From staff and wire reports • Nov 22, 2016 at 11:00 AM

State troopers will be out in full force to help with highway safety as Ohio prepares for its busiest Thanksgiving holiday travel weekend in 11 years.

AAA predicts the highest Thanksgiving traffic volume in Ohio since 2005 with more than 2 million Ohioans traveling at least 50 miles from home between Wednesday and Sunday. About 90 percent of Ohio travelers will drive to their destinations.

Construction projects remain a consideration for drivers throughout the state, but Ohio Department of Transportation officials said ODOT will try to reduce those projects' impact as much as possible during the holiday weekend.

With nearly 5,000 work zone crashes already this year, including 26 deaths and more than 150 serious injuries, motorists must pay attention to reduce work zone crashes, ODOT officials said.

There are a number of ways people can stay safe during the holiday season, according to Lt. Douglas Hamman of the state Highway Patrol’s Norwalk post.

“Traffic volume increases around the holidays,” Hamman said. “We (the state Highway Patrol) encourage people to slow down, take their time and arrive safely.”
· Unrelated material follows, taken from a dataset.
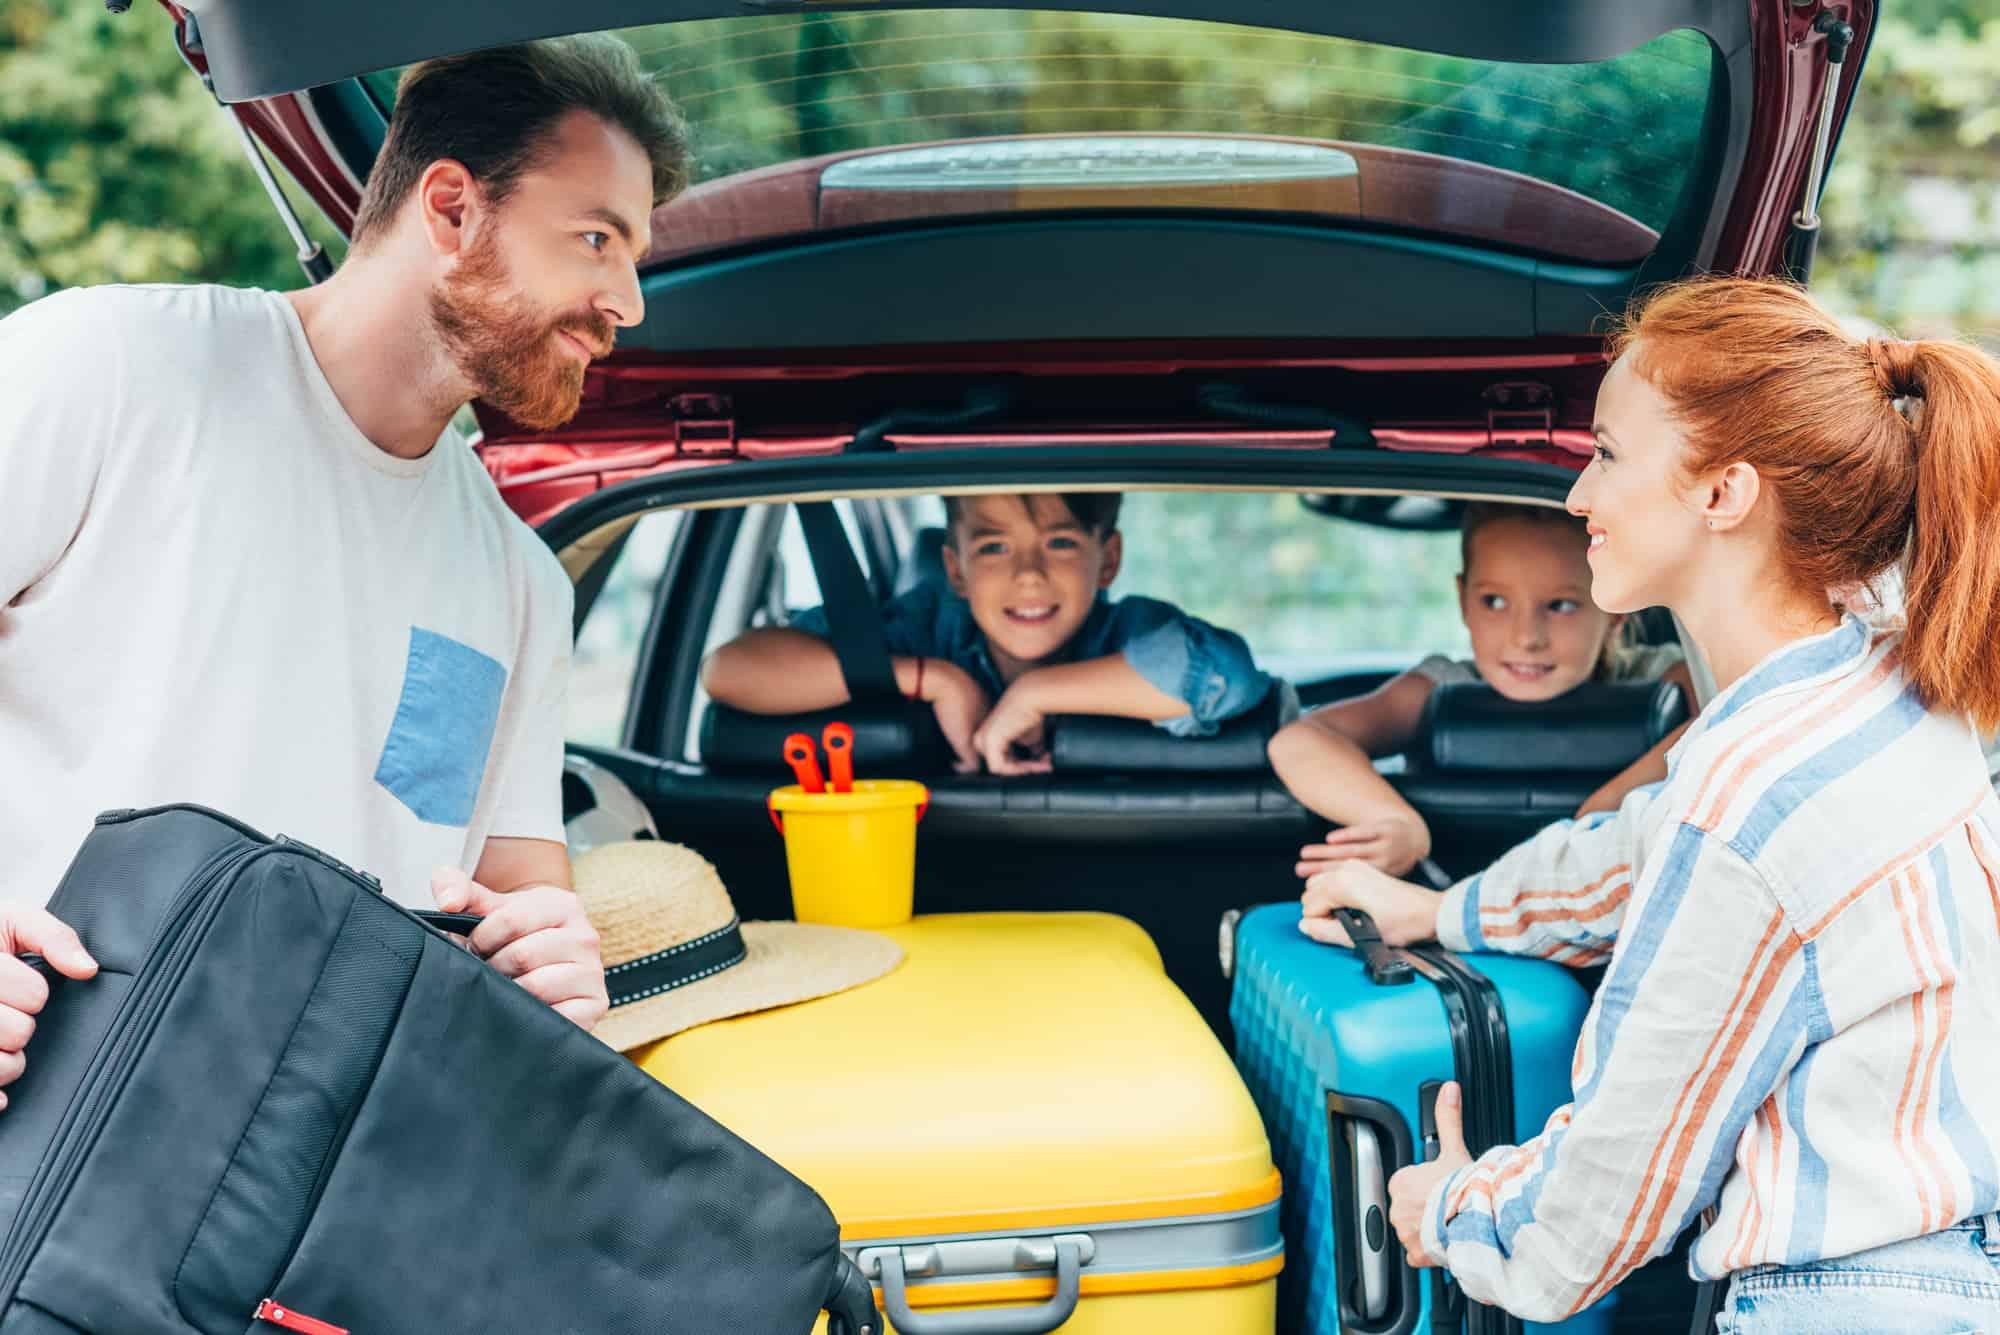 familie med to børn er ved at pakke bilen med kufferter på vej på bilferie ferie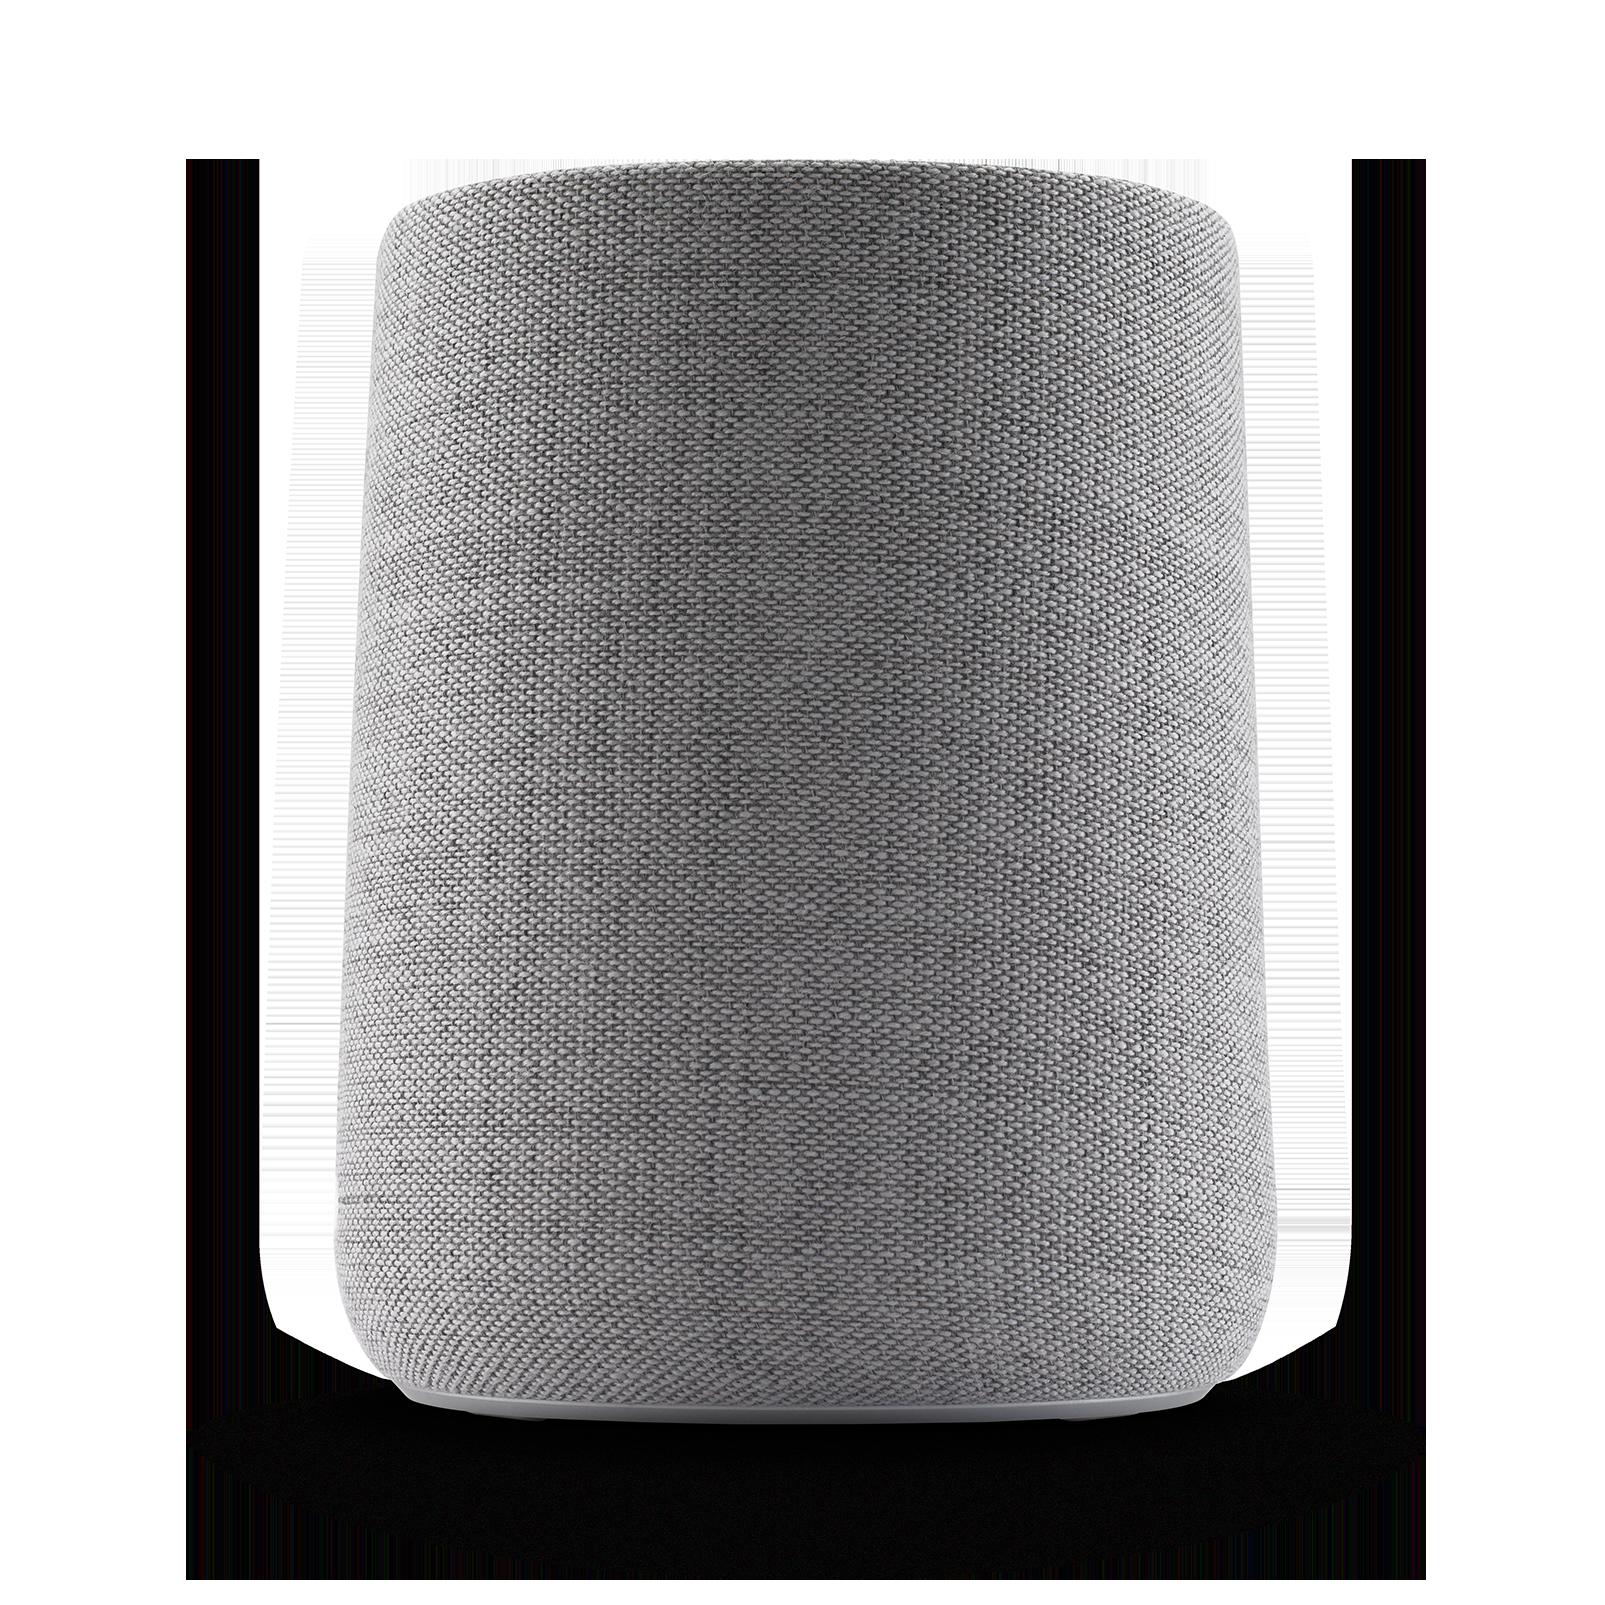 Harman Kardon Citation One MKII - Grey - All-in-one smart speaker with room-filling sound - Detailshot 1

He also emphasized the importance of wearing a seatbelt.

From 2012-2014, more than half of people killed on Ohio's roadways were not wearing a safety belt.

Troopers will be concentrating on enforcement regarding speed, impaired drivers, reckless operation, and motorists who aren't wearing safety belts.

Anyone planning on consuming alcohol should either avoid the roads or enlist a designated driver.

Another concern is the increase in the number of distracted drivers.

A 2009 study by the University of Utah found that drivers who text are six times more likely to be involved in a crash.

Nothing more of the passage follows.